Machine learning and algorithmic interviewing too hard?
Source:
Https://mp.weixin.qq.com/s/GrkCvU2Ia_mEaQmiffLotQ
Shi Xiaowen
August participated in a number of pre-approved interviews, including Ali, Baidu, headlines, shells, a little information and so on. Organized a number of interview questions, share to everyone.
First, machine learning basic problem
1, the formula of LSTM
2, Rnn why the gradient disappears and the derivation of BPTT
3, the basic principle of DQN?
4. What is the difference between a GBDT and a random forest?
5, the principle of GBDT, how to do classification and regression
6, random forest random embodiment in which aspect
7, the principle of Wide &deep
8. How is GBDT+LR done?
9, DQN Model Why do experience playback
10, if the data is not independent of the distribution of what will happen
11, the principle of AUC introduction
12. The difference between Xgboost and GBDT.
13. The difference between intensive learning and supervised learning
14. What are the loss functions within the neural network?
15. What are the common activation functions in machine learning? Why do I usually need a 0 mean value?
16, DEEPFM Introduction
17. FM Deduction
18, the difference between boosting and bagging?
19. Why can bagging reduce variance?
20, cross-entropy loss function, 0-1 classification of the cross-entropy loss function form. What is a convex function? 0-1 Classification If the square loss is used, why is the cross-entropy rather than the square loss?
21, L1 and L2 What is the difference, from the mathematical point of view to explain why L2 can enhance the generalization ability of the model.
22. What are the differences between L2 and dropout in deep learning?

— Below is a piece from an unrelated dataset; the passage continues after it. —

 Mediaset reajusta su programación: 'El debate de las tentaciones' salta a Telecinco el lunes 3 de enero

23. What are the benefits of L1 regularization?
24, if there are 10,000 geographical coordinates, converted to 1-10000 of the number, you can use the decision tree?

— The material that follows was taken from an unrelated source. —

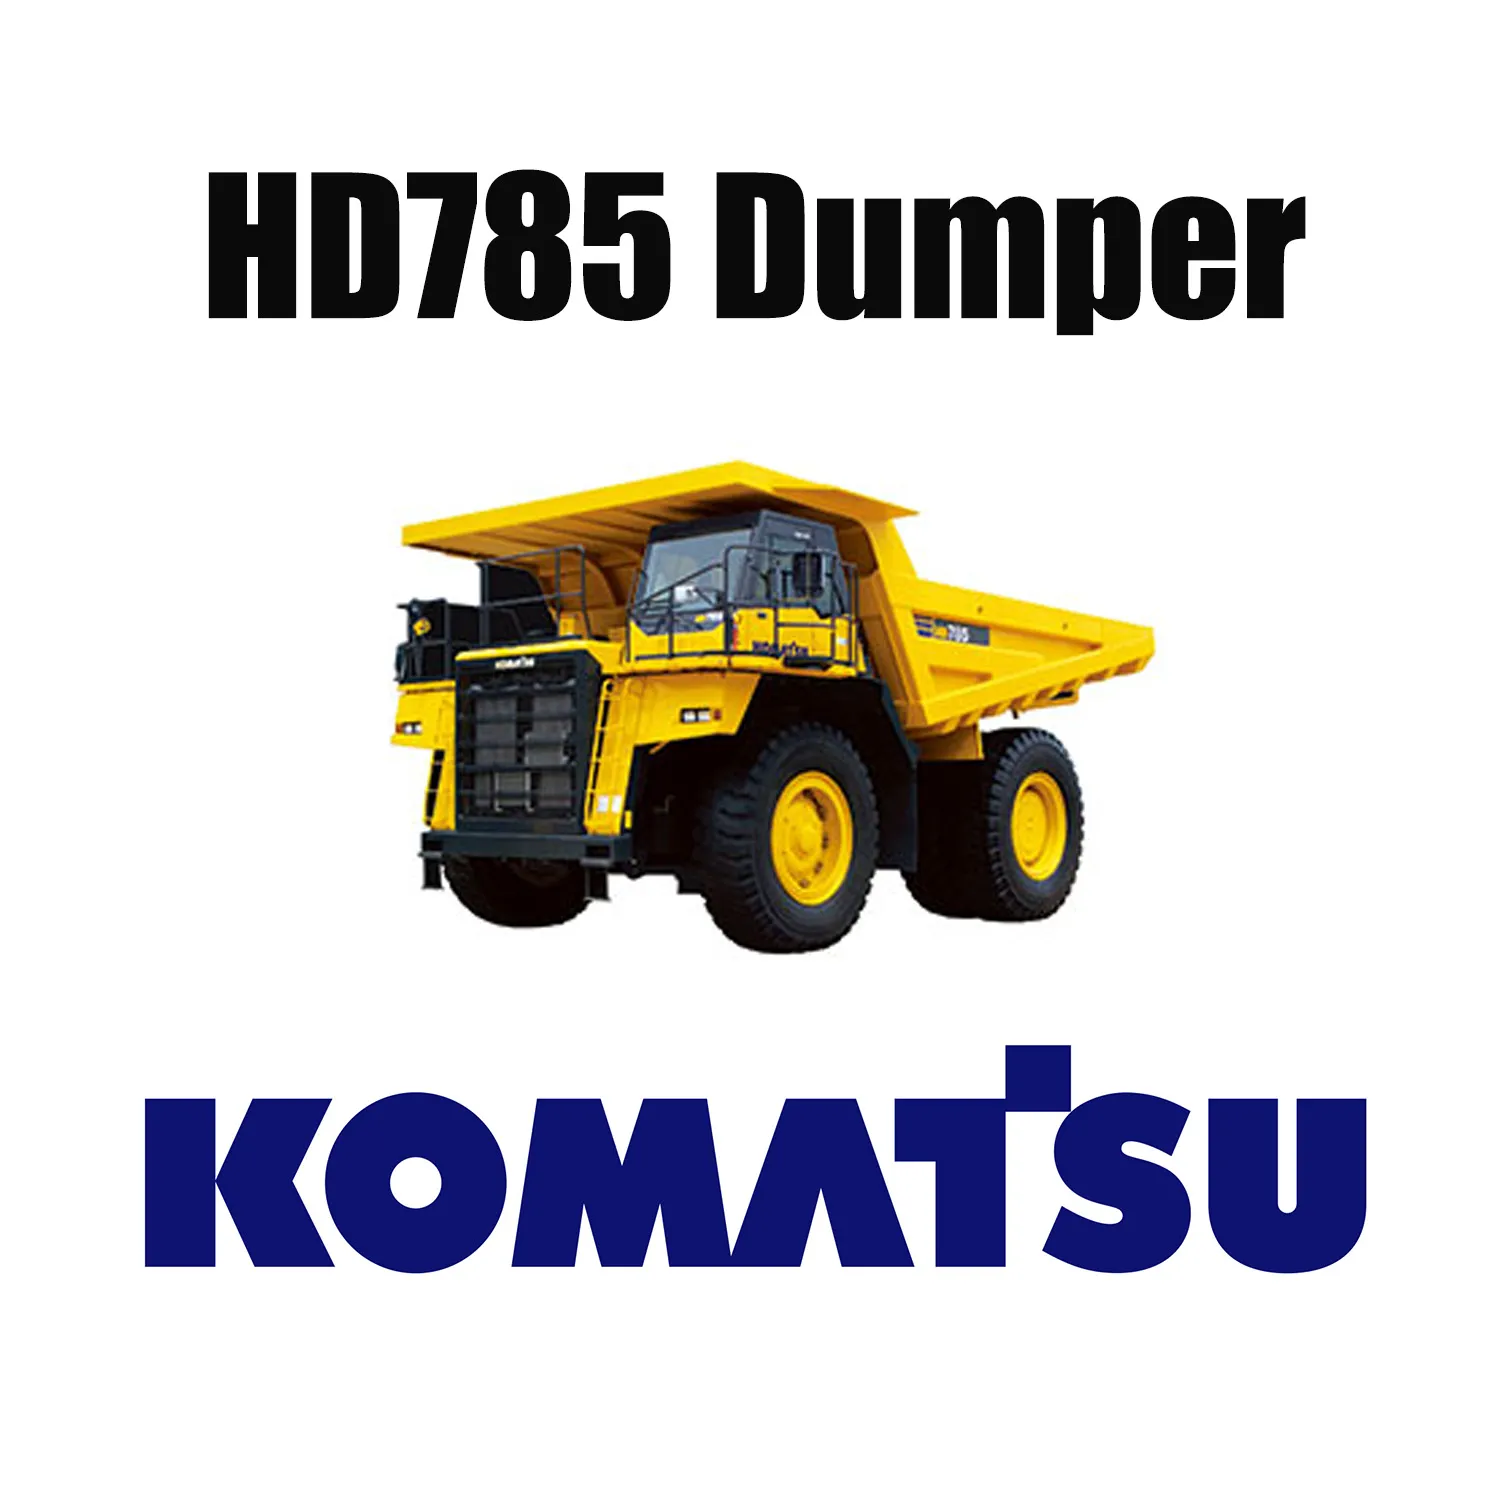 Tough Mining Specialty OTR Tires 27.00R49 for Dump Truck KOMATSU HD785

25. What is the difference between cart classification tree and ID3 and C4.5?
26, tree integration model There are several ways to achieve: bagging and boosting, in the course of the answer asked a lot of details. What are the random aspects of the forest, adaboost How to change the sample weights, what is the GBDT classification tree fit?

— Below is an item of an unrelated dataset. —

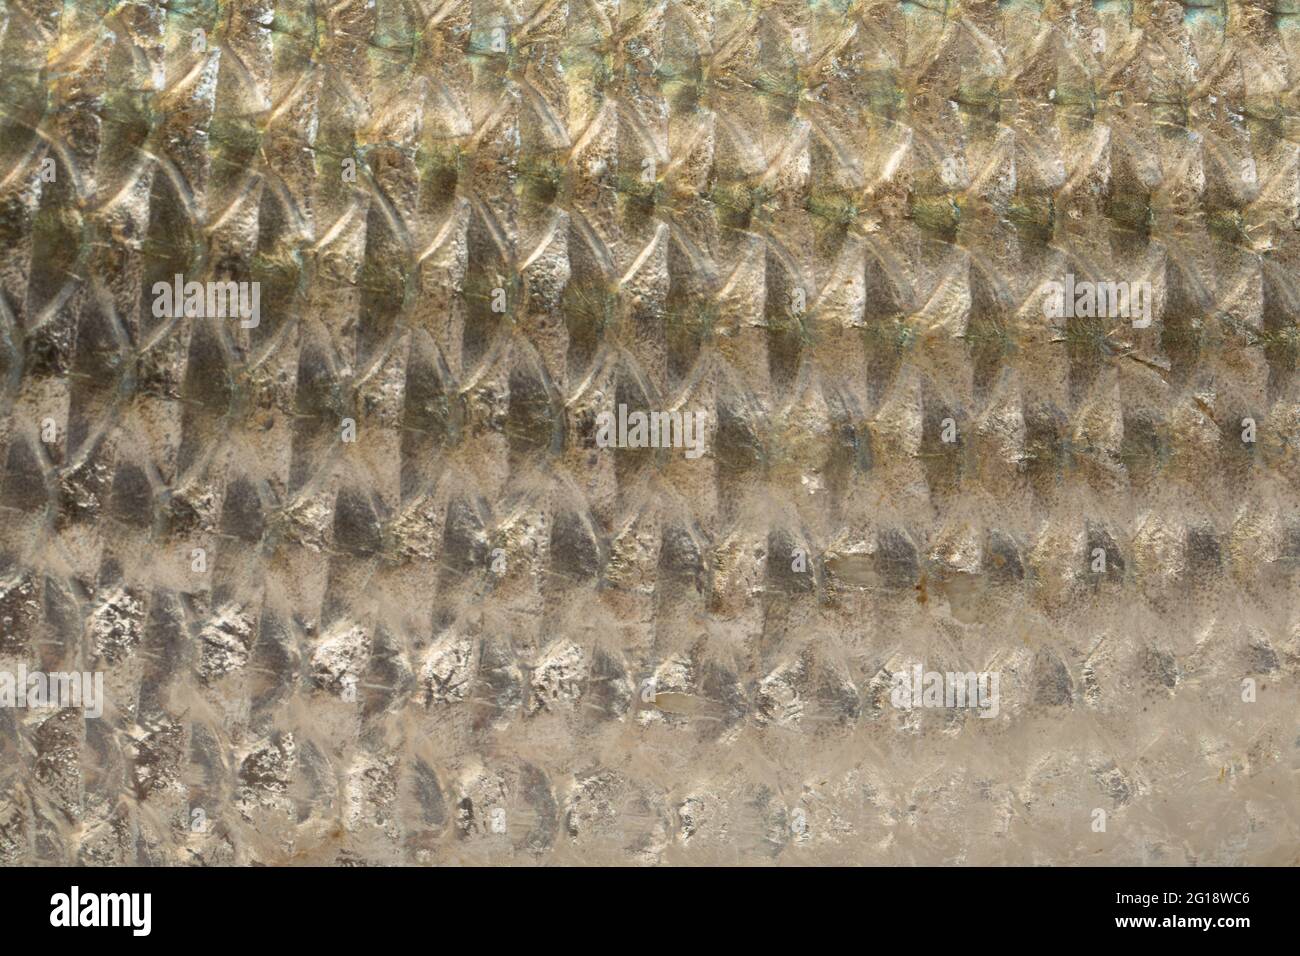 Süßwasserfisch-Rohu oder Rui , isoliert auf weißem strukturiertem Hintergrund Stockfoto

27. What is the difference between dueling dqn and DQN?
28. What is the effect of early stop on parameters?
Second, the data structure algorithm problem
1, K ordered array, find a minimum length of the interval, in this interval contains at least one number of each array
2, n [0,n] number, for each number of occurrences (can not open up additional space)
3, array of the full arrangement (Space complexity O (1))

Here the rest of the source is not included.